RAW DATA.
━━━━━━━━━━

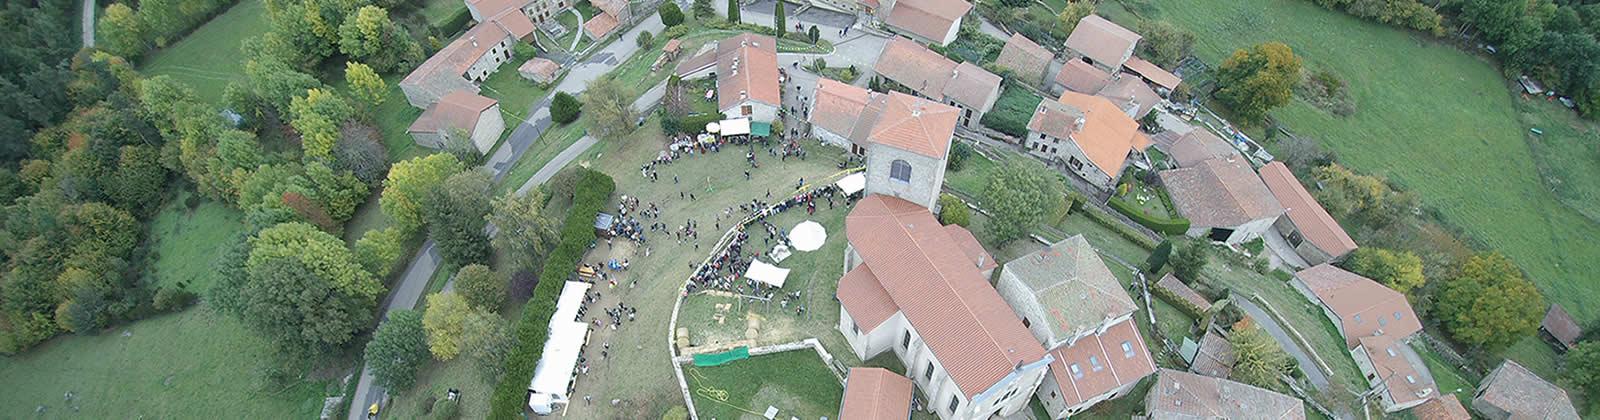 Fête médiévale Leignec 2017 vue aérienne
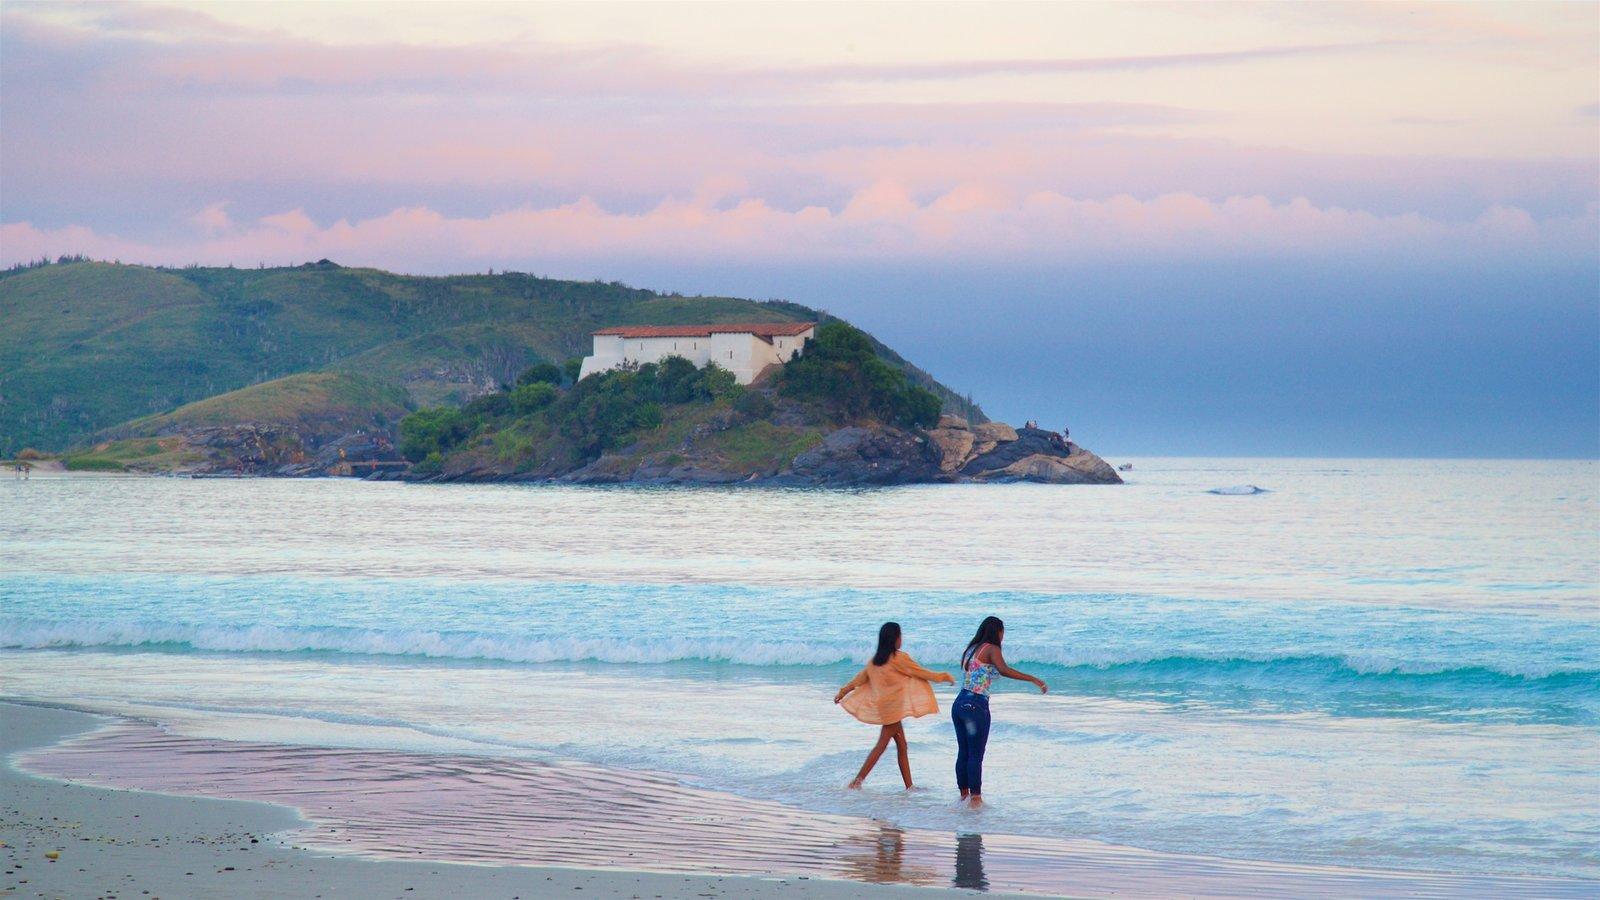 Forte São Mateus mostrando um pôr do sol, paisagens litorâneas e uma praia
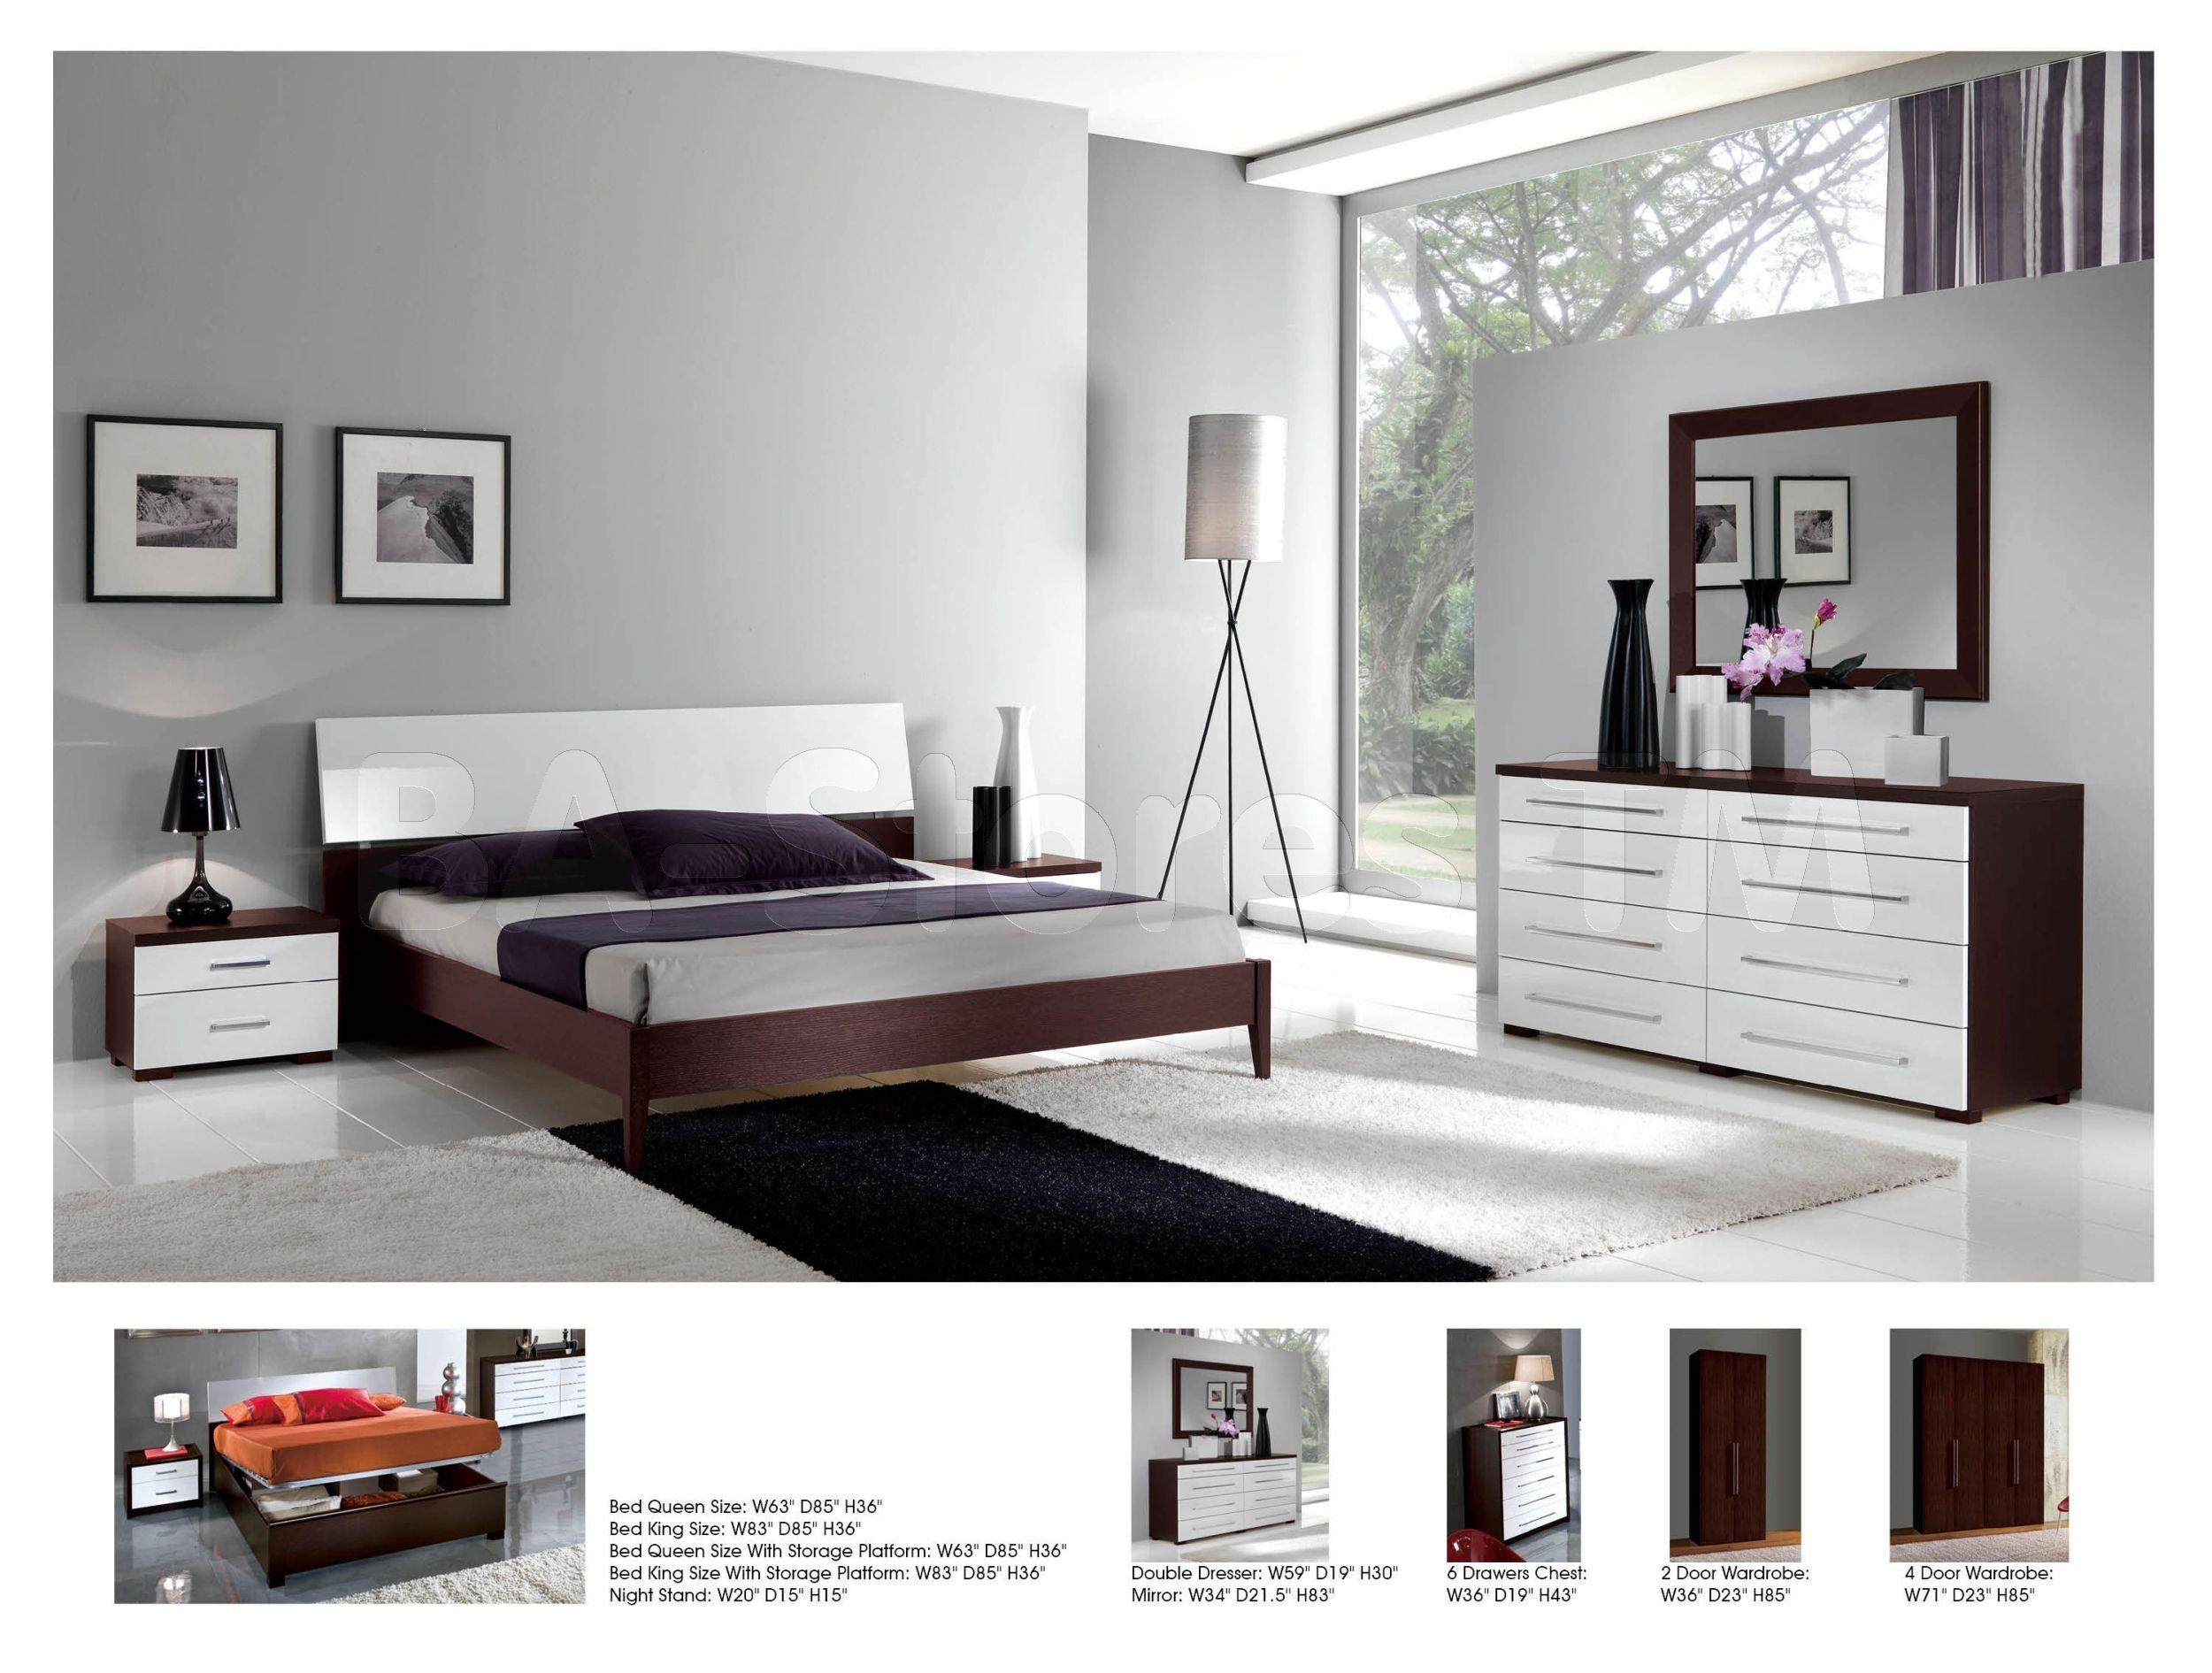 Luxury bedroom set by esf bedroom sets by esf pinterest luxury

━━━━━━━━━━

WORK ITEM. Would you transcribe the whole listing above exactly? The pictures should not be included.

TASK SOLUTION.
 Fête médiévale Leignec 2017 vue aérienne
 Forte São Mateus mostrando um pôr do sol, paisagens litorâneas e uma praia
 Luxury bedroom set by esf bedroom sets by esf pinterest luxury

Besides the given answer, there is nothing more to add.